Saved entries

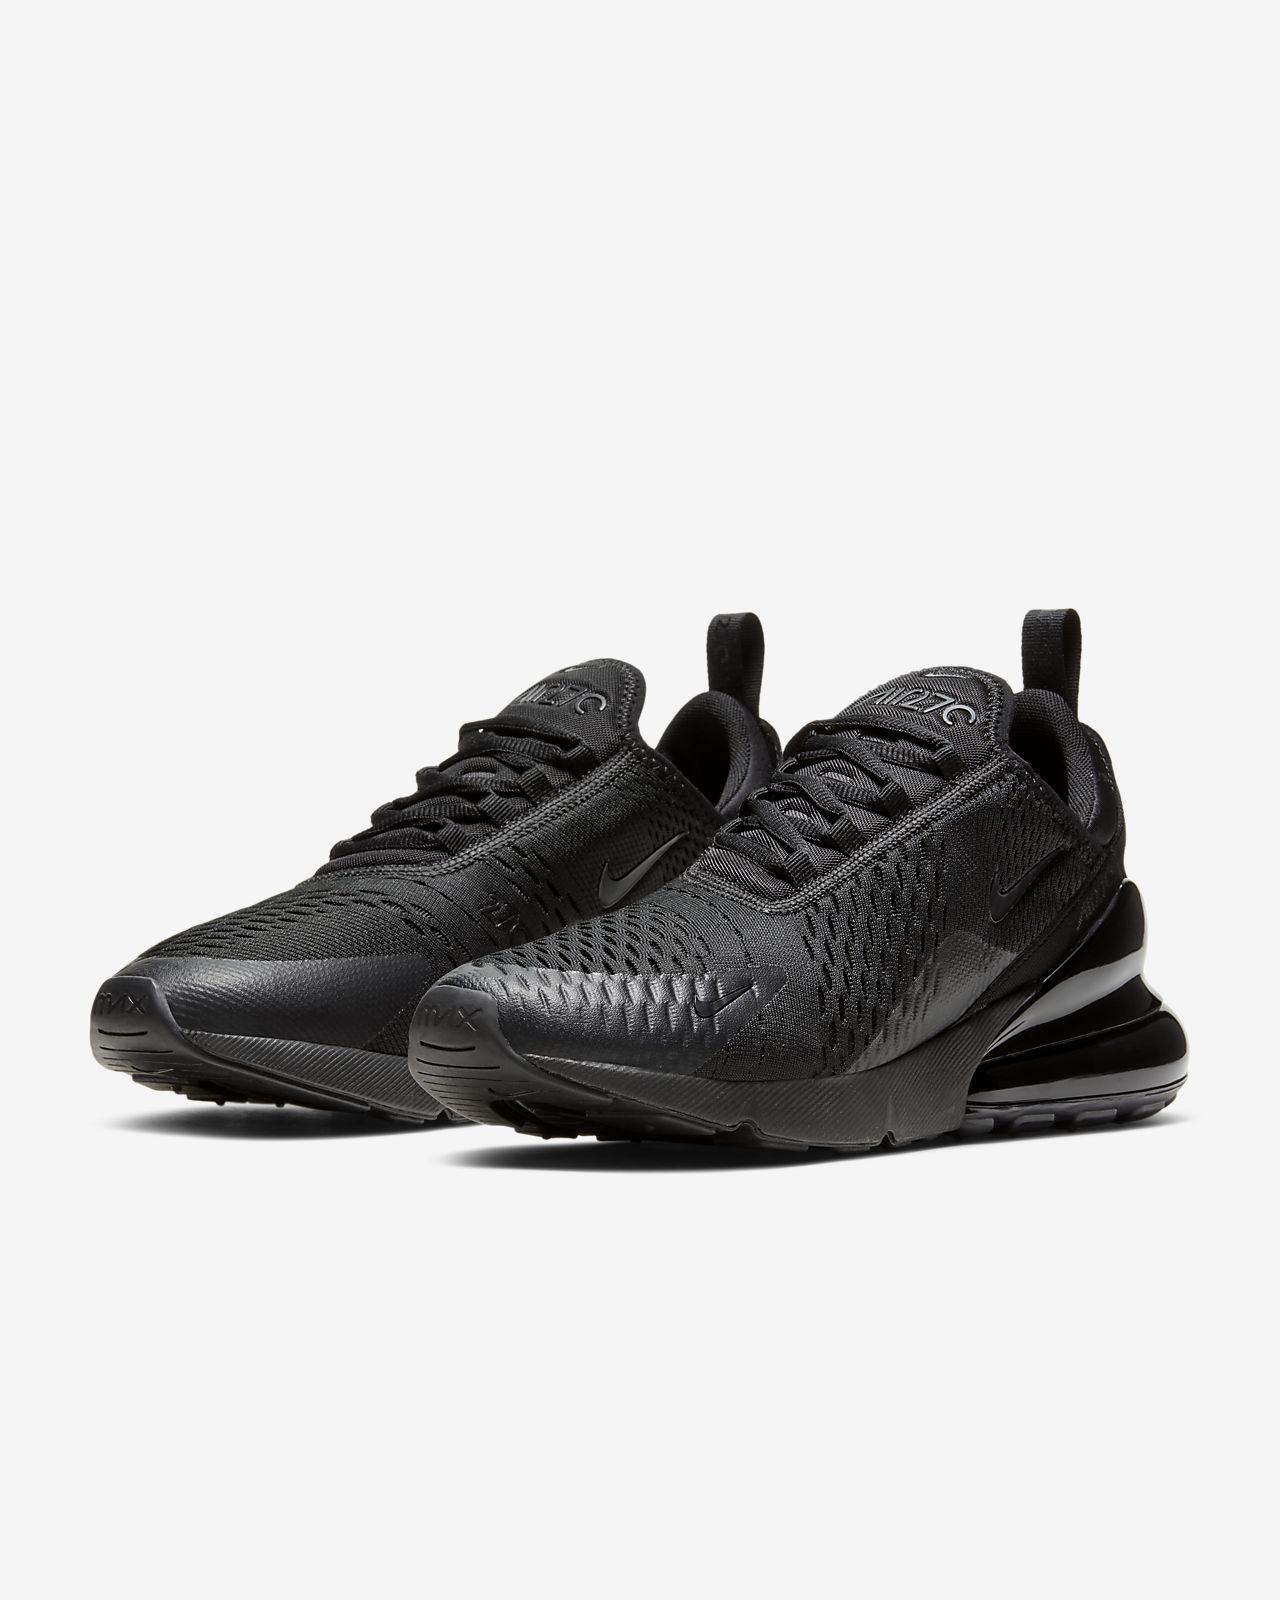 timeless design ef812 a3e19 ... Calzado para hombre Nike Air Max 270
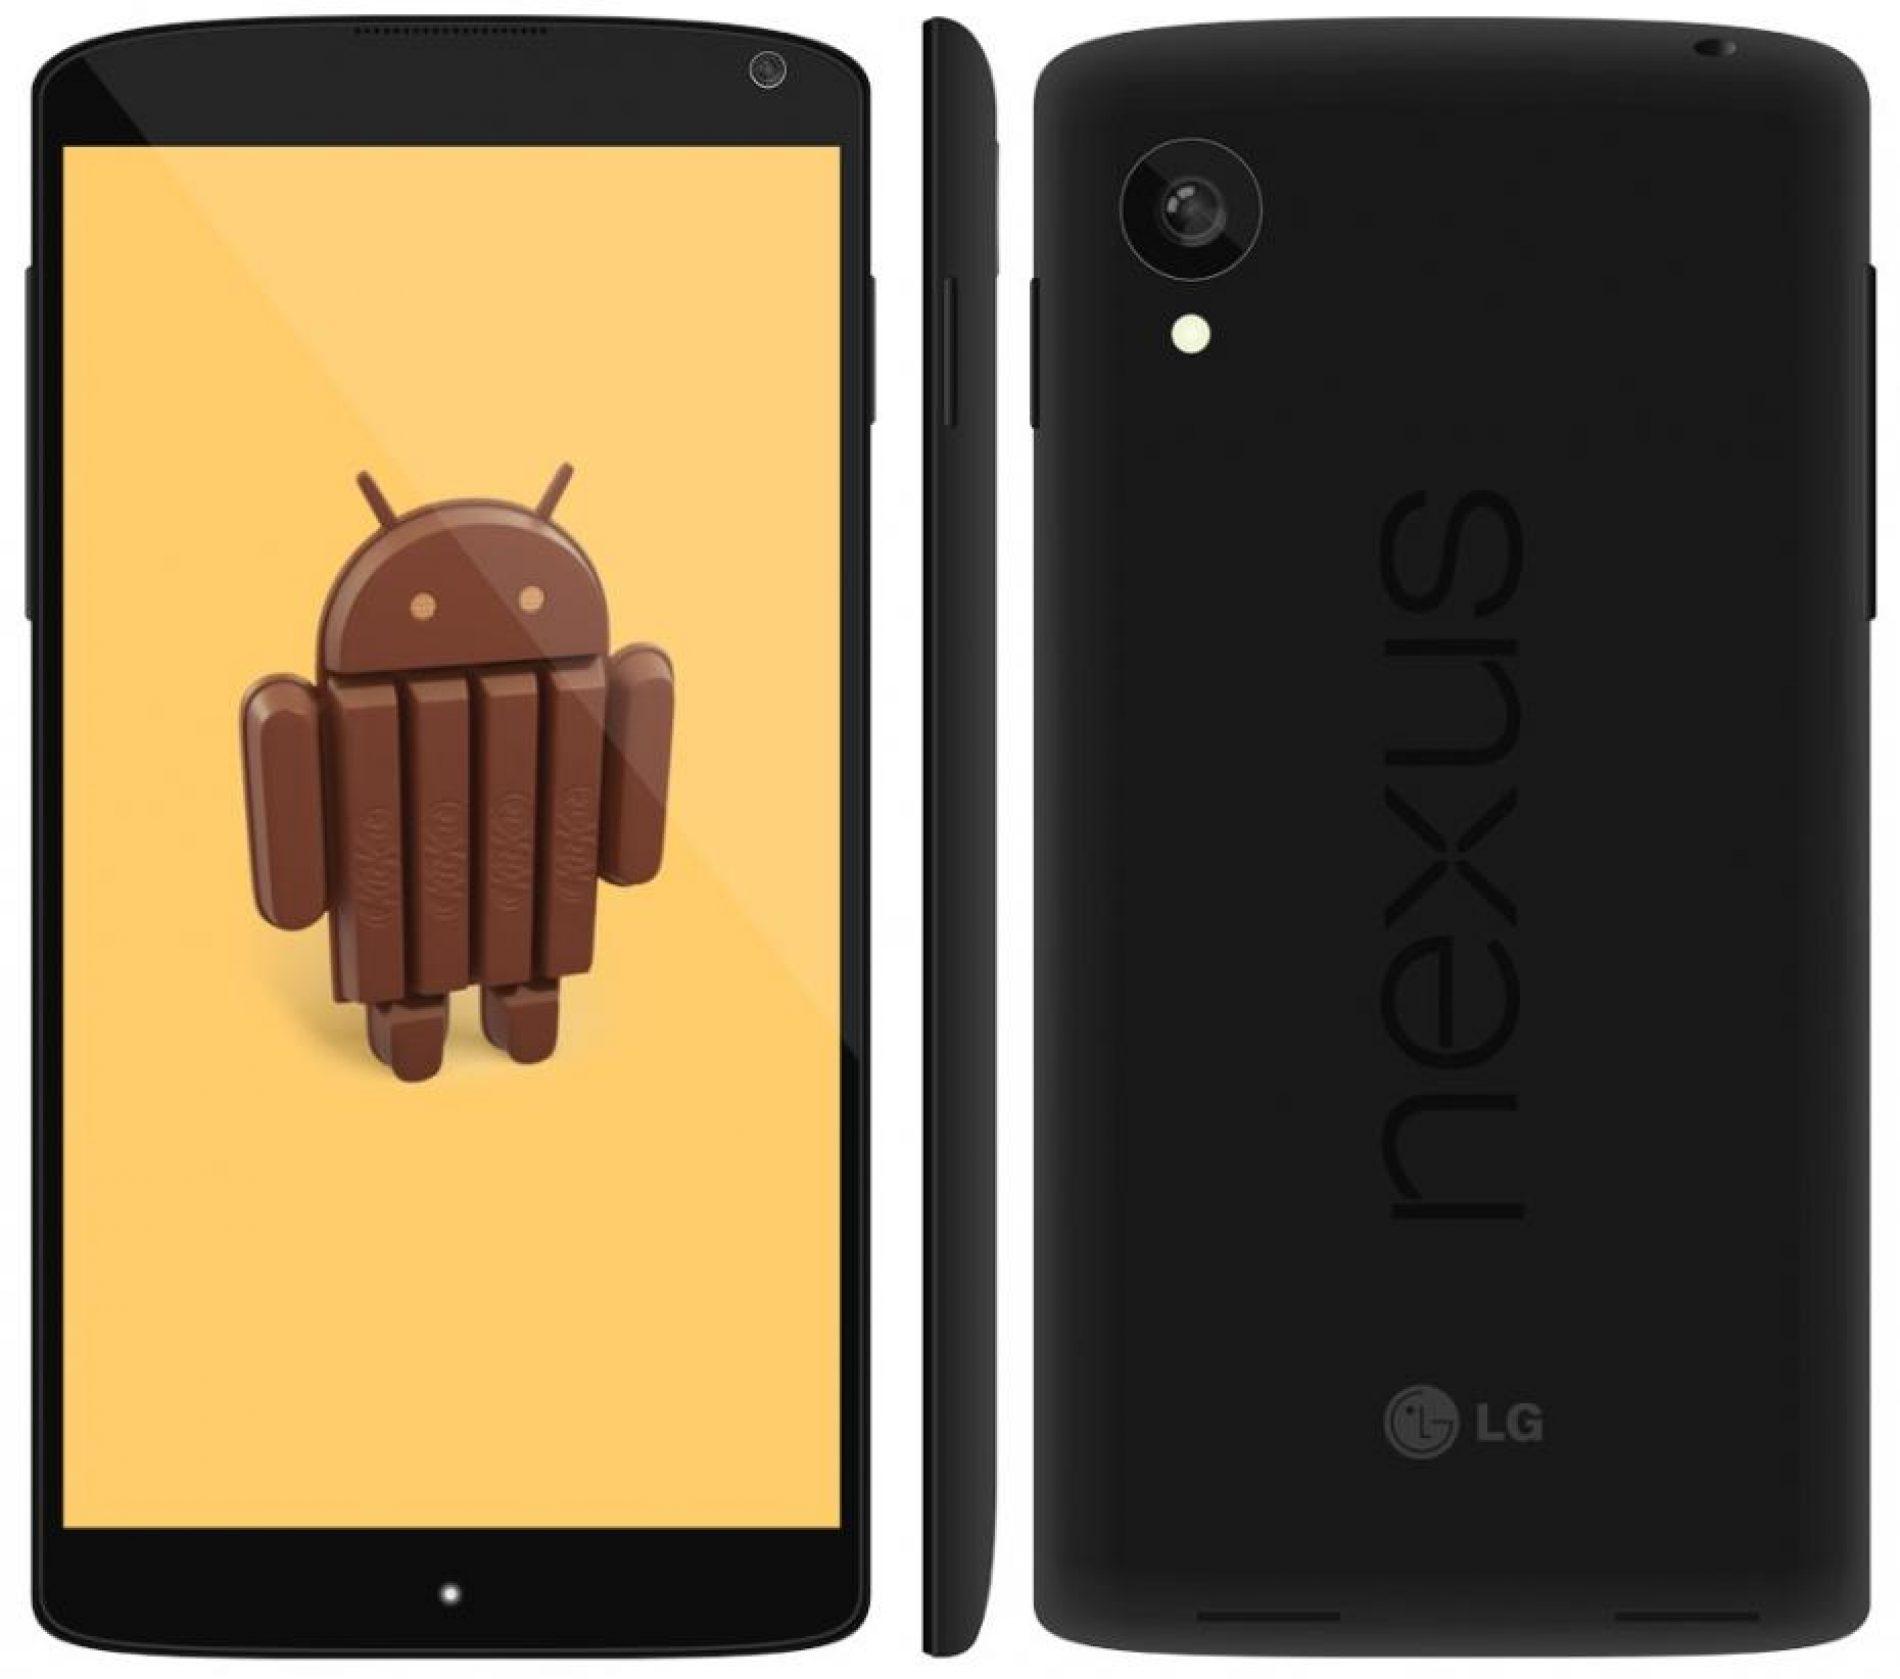 ¿Cómo rootear el Nexus 5 en cinco pasos?
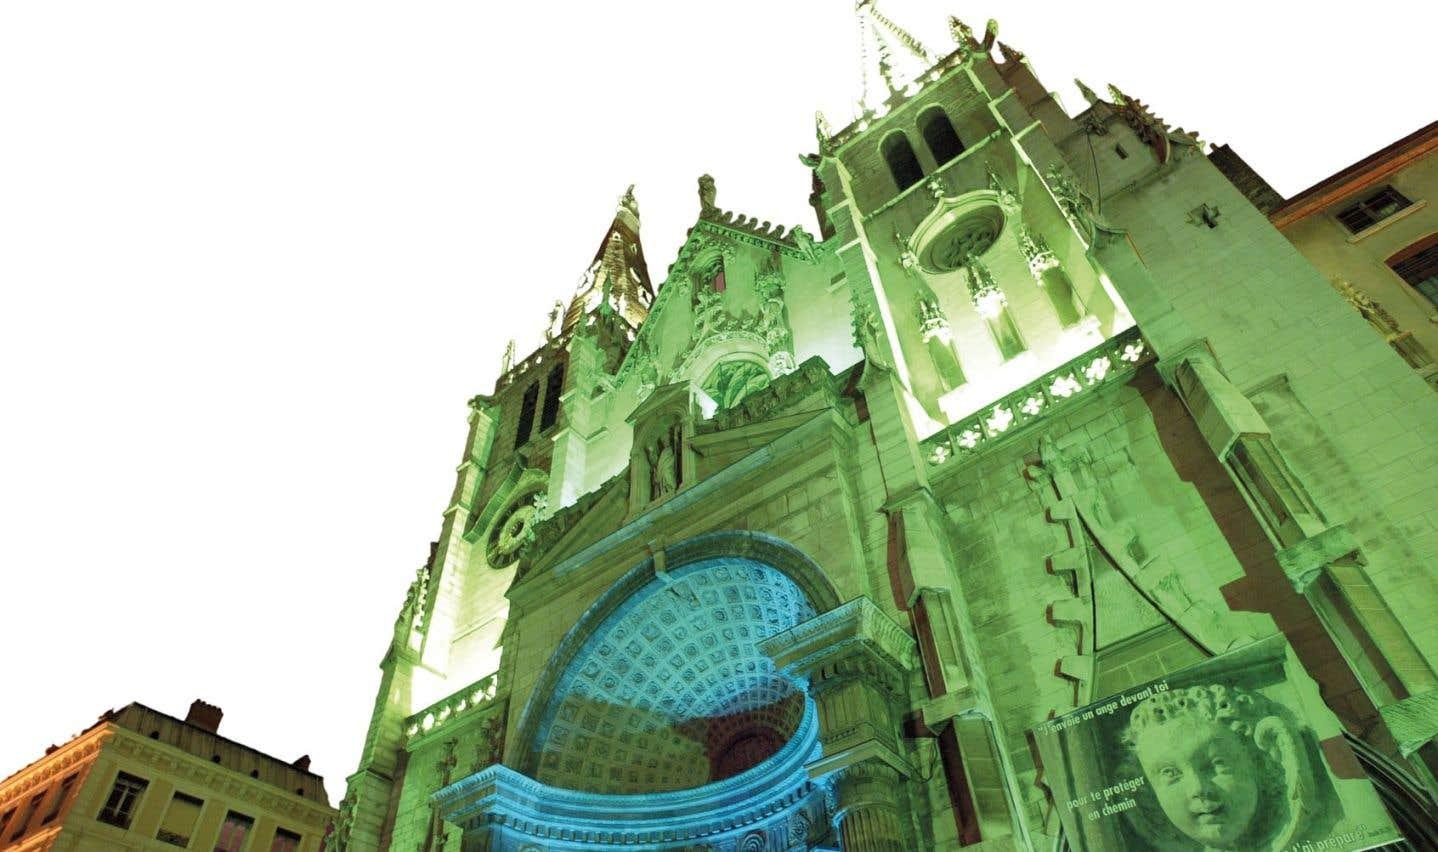 L'église Saint-Nizier de Lyon, éclairée lors de la Fête des lumières
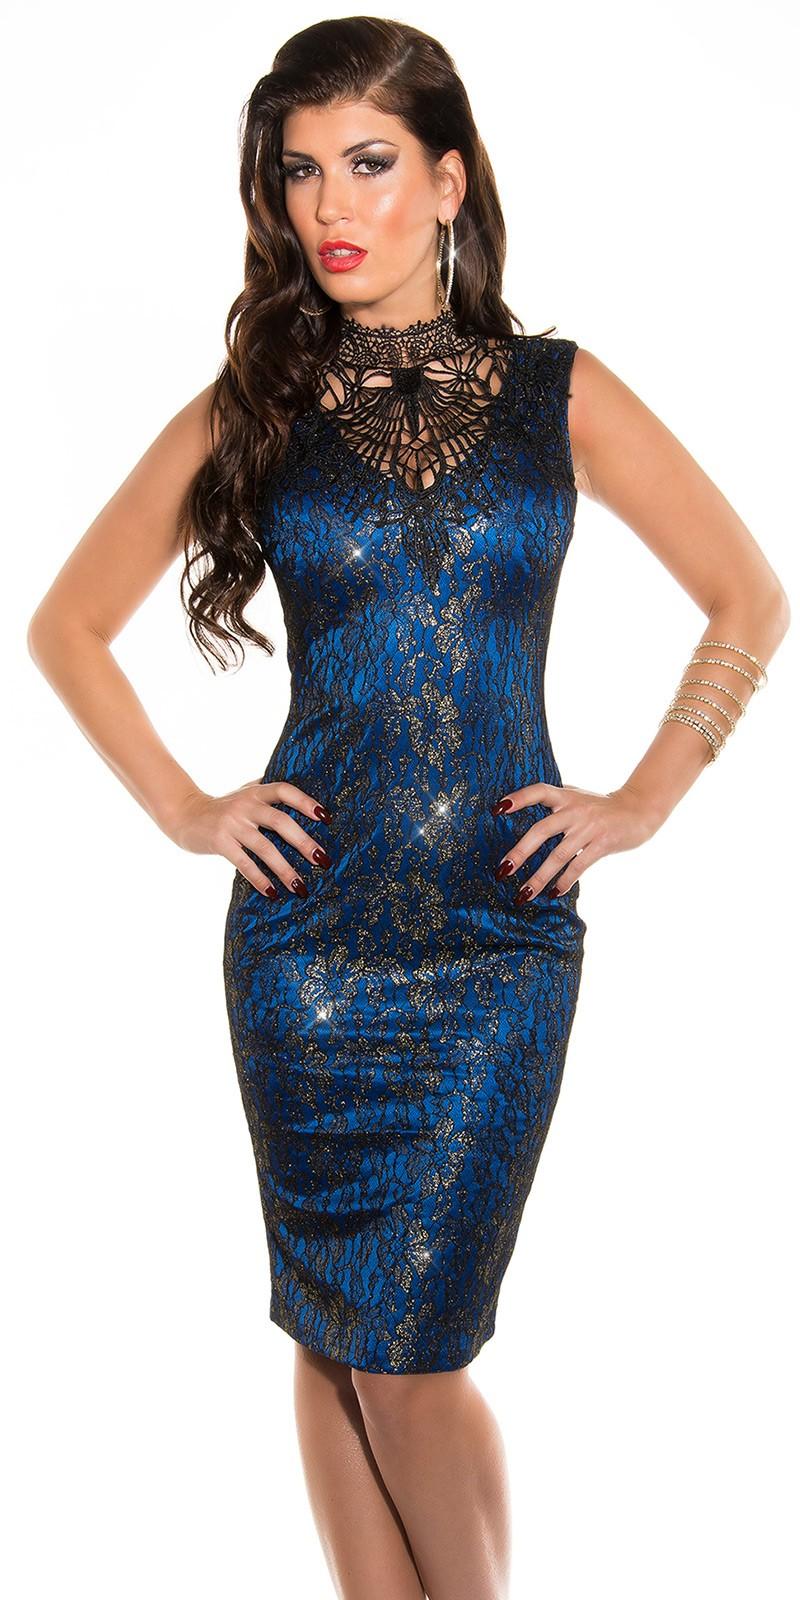 7785e3daff Arany virágmintás csipke női alkalmi ruha horgolt nyakkal - Kék (S-L). Az  Ön értékelése:
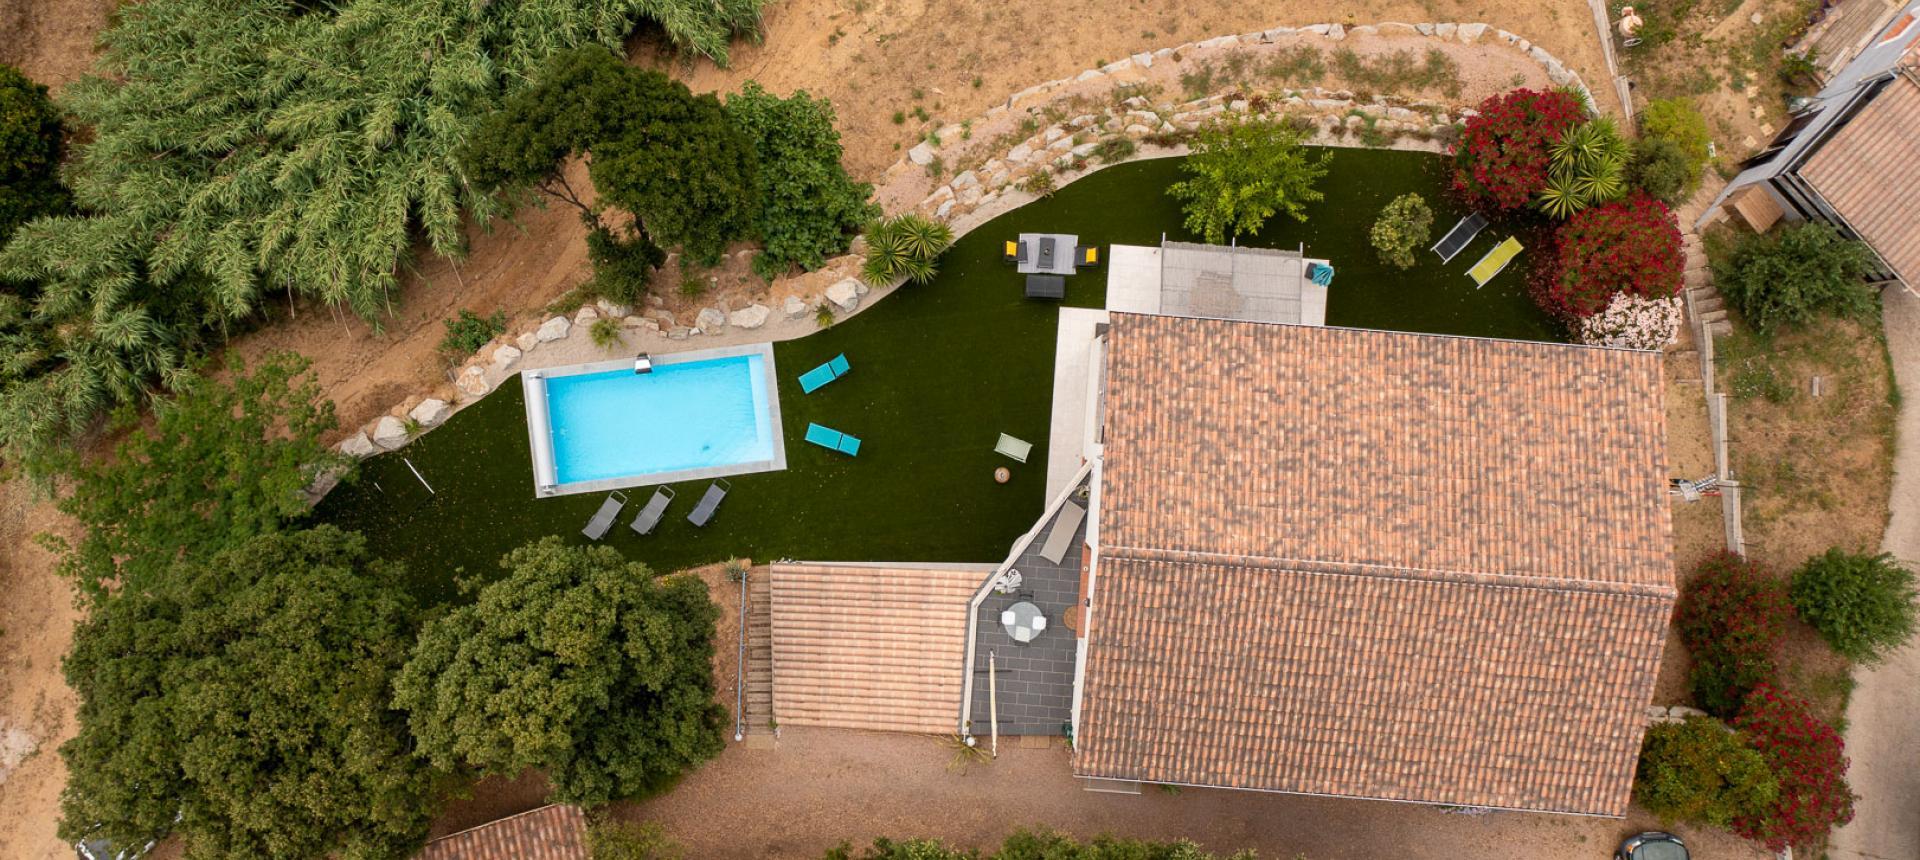 Villa à vendre proche Ajaccio - San Benedetto - Vue drone

◆ What you have to do
Retype the records verbatim, but not their images.

◆ Exercise solution
 timeless design ef812 a3e19 ... Calzado para hombre Nike Air Max 270
 ¿Cómo rootear el Nexus 5 en cinco pasos?
 L'église Saint-Nizier de Lyon, éclairée lors de la Fête des lumières
 7785e3daff Arany virágmintás csipke női alkalmi ruha horgolt nyakkal - Kék (S-L). Az  Ön értékelése:
 Villa à vendre proche Ajaccio - San Benedetto - Vue drone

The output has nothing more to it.